■ **About this task**:
All of the data that follows should be given again exactly, without its images.

■ **Provided data**:
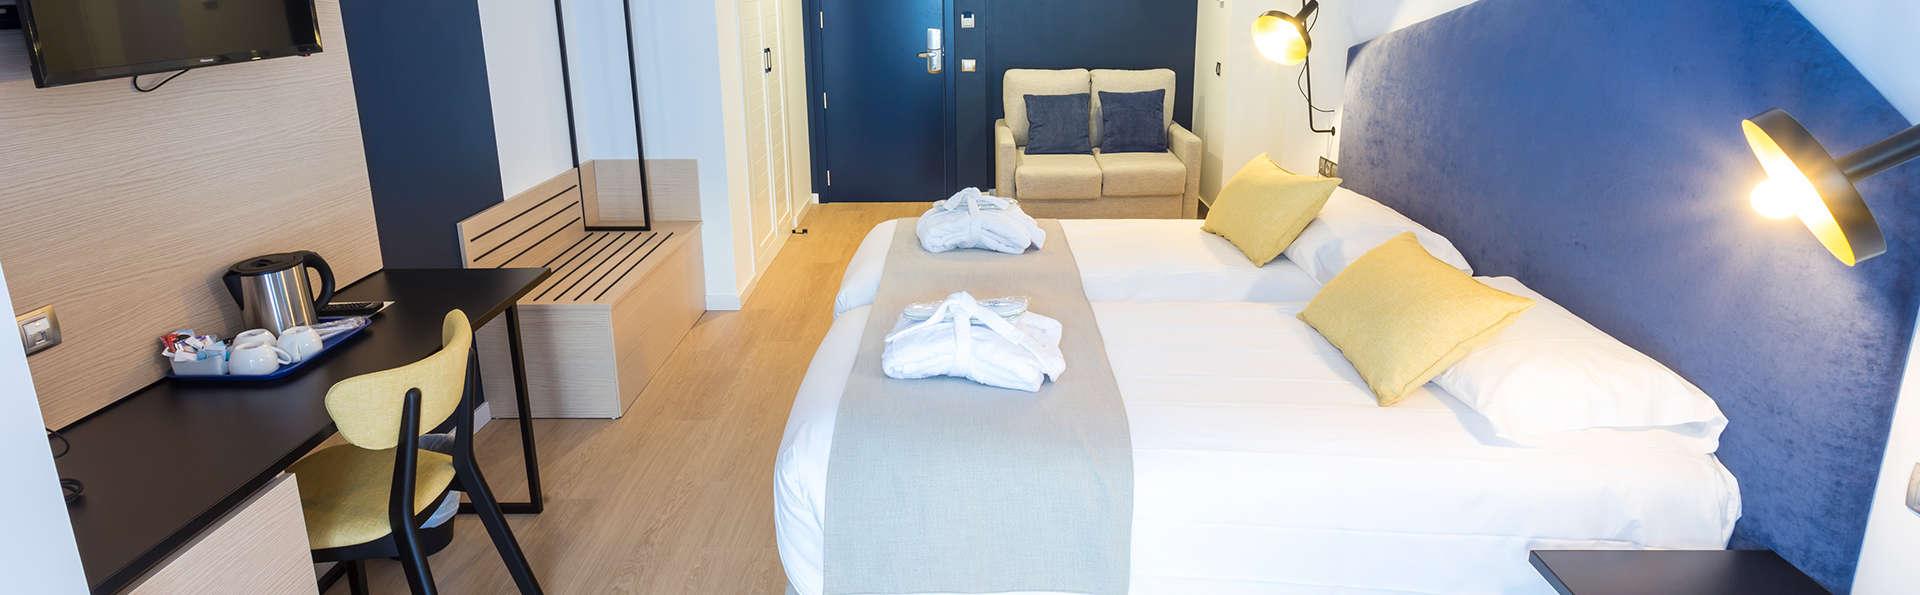 Hotel Roc Meler - Edit_TripleSuperior_-_copia.jpg
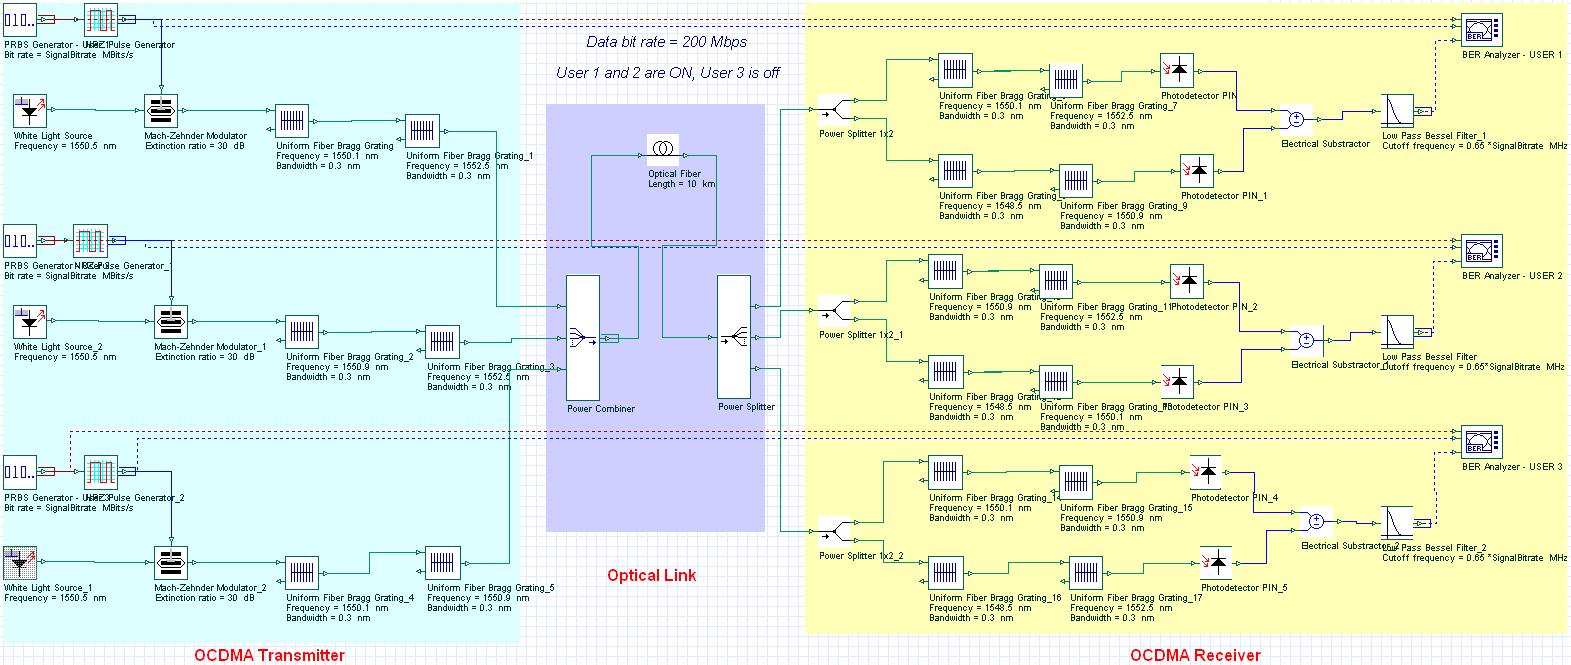 FTTH: OCDMA Network Layout
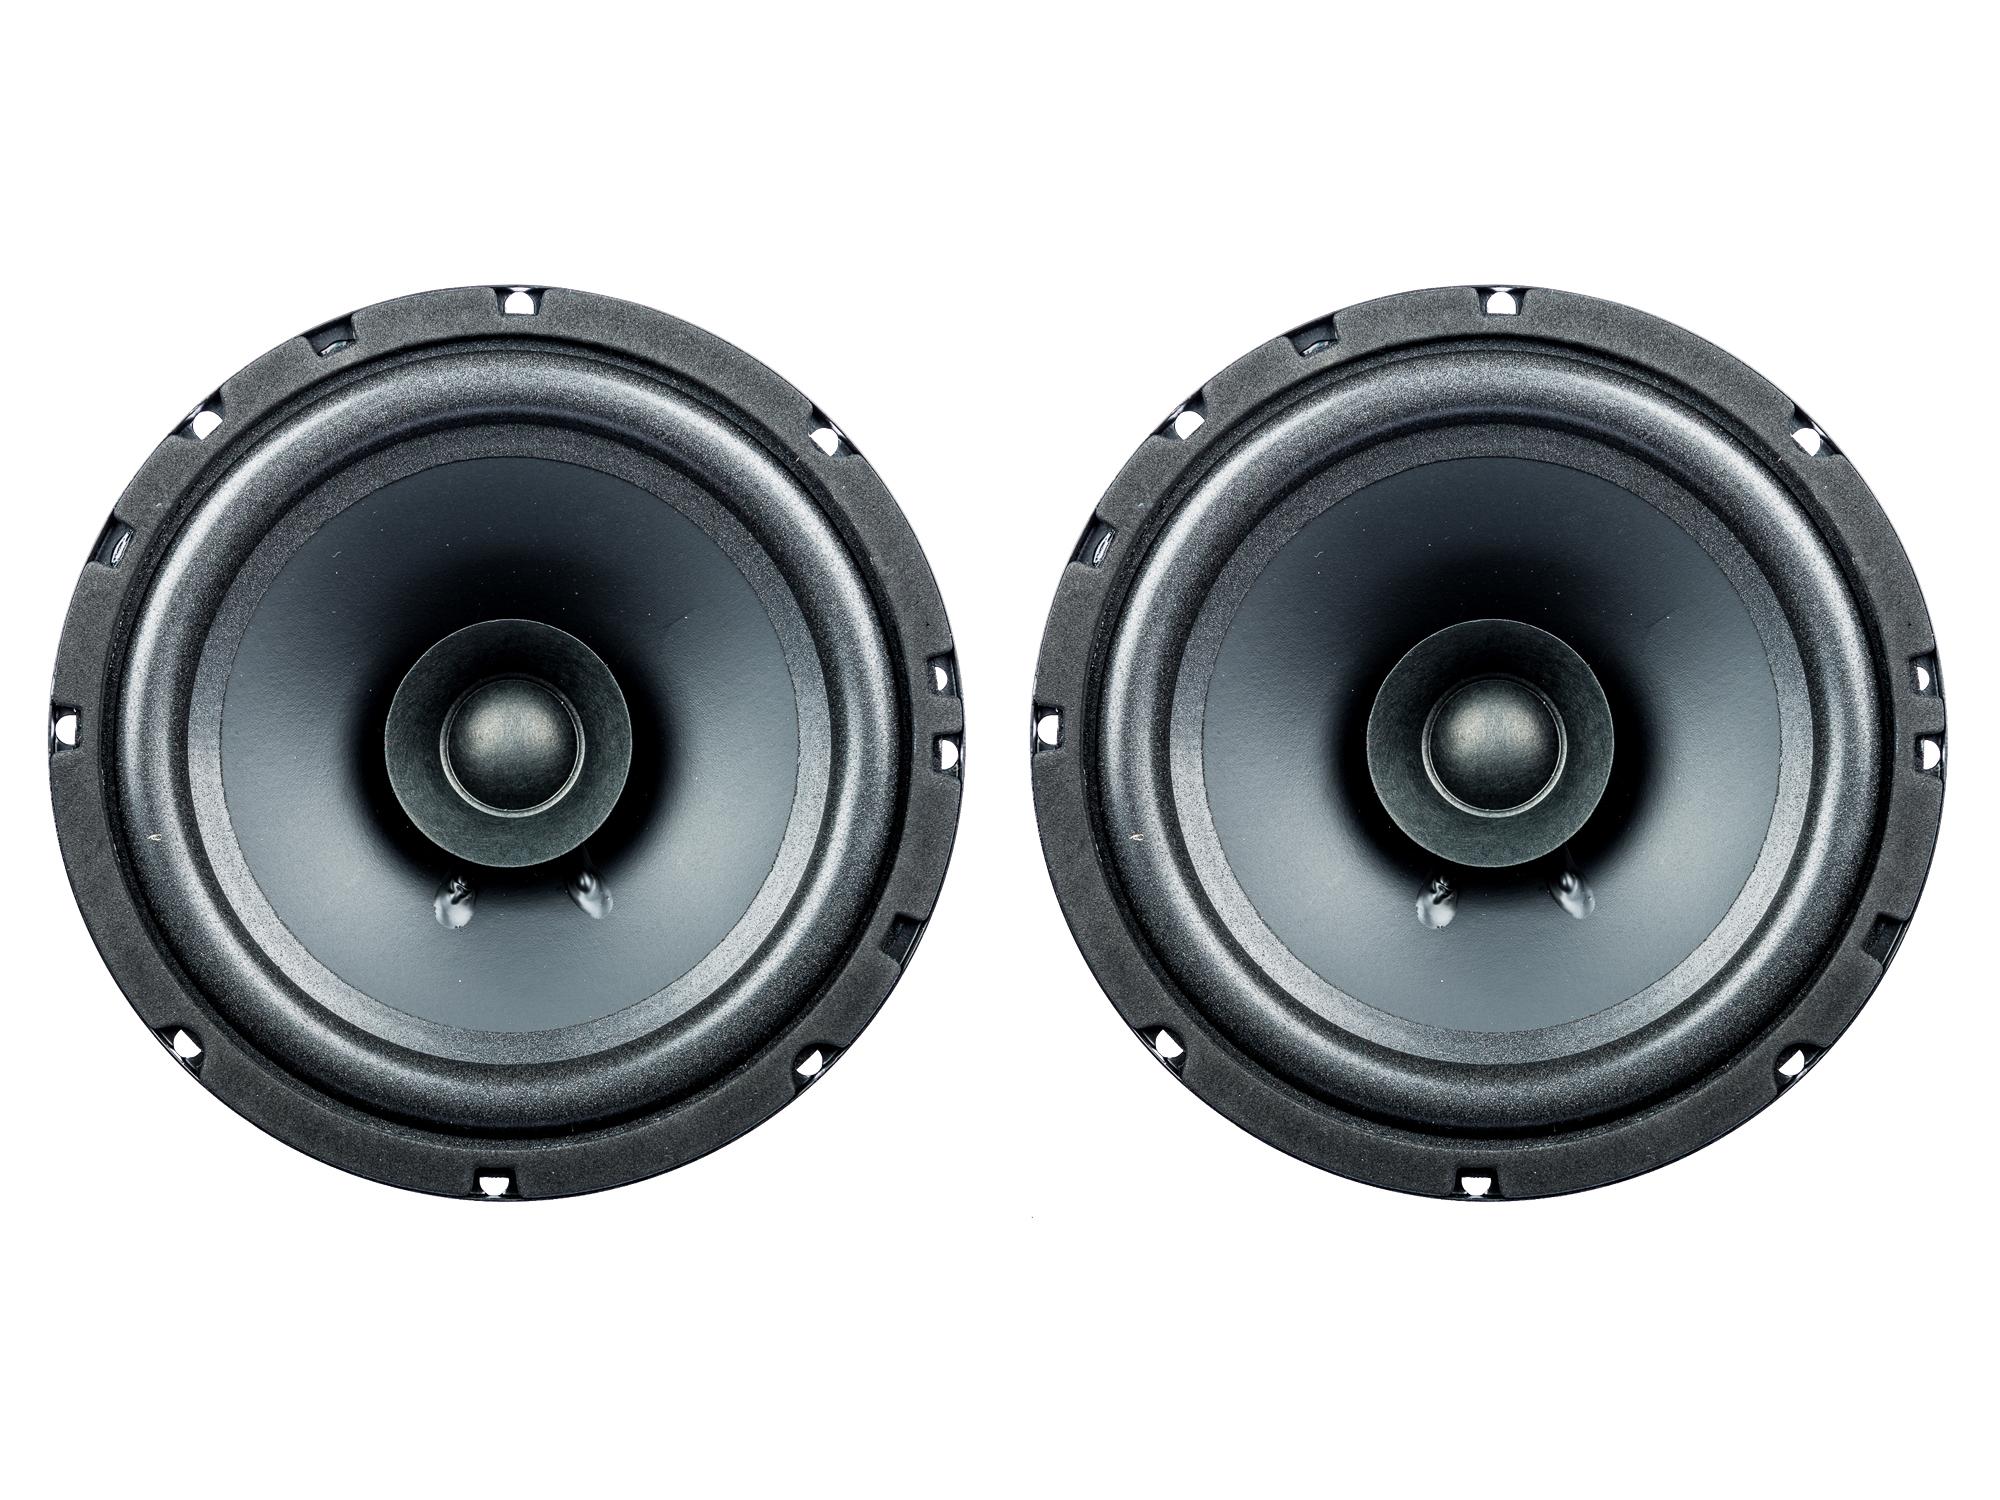 1 Paar PG Audio EVO I 16.2, 16 cm Dual Cone Lautsprecher , Neu-Ware

■ **Response area**:
 Hotel Roc Meler - Edit_TripleSuperior_-_copia.jpg
 FTTH: OCDMA Network Layout
 1 Paar PG Audio EVO I 16.2, 16 cm Dual Cone Lautsprecher , Neu-Ware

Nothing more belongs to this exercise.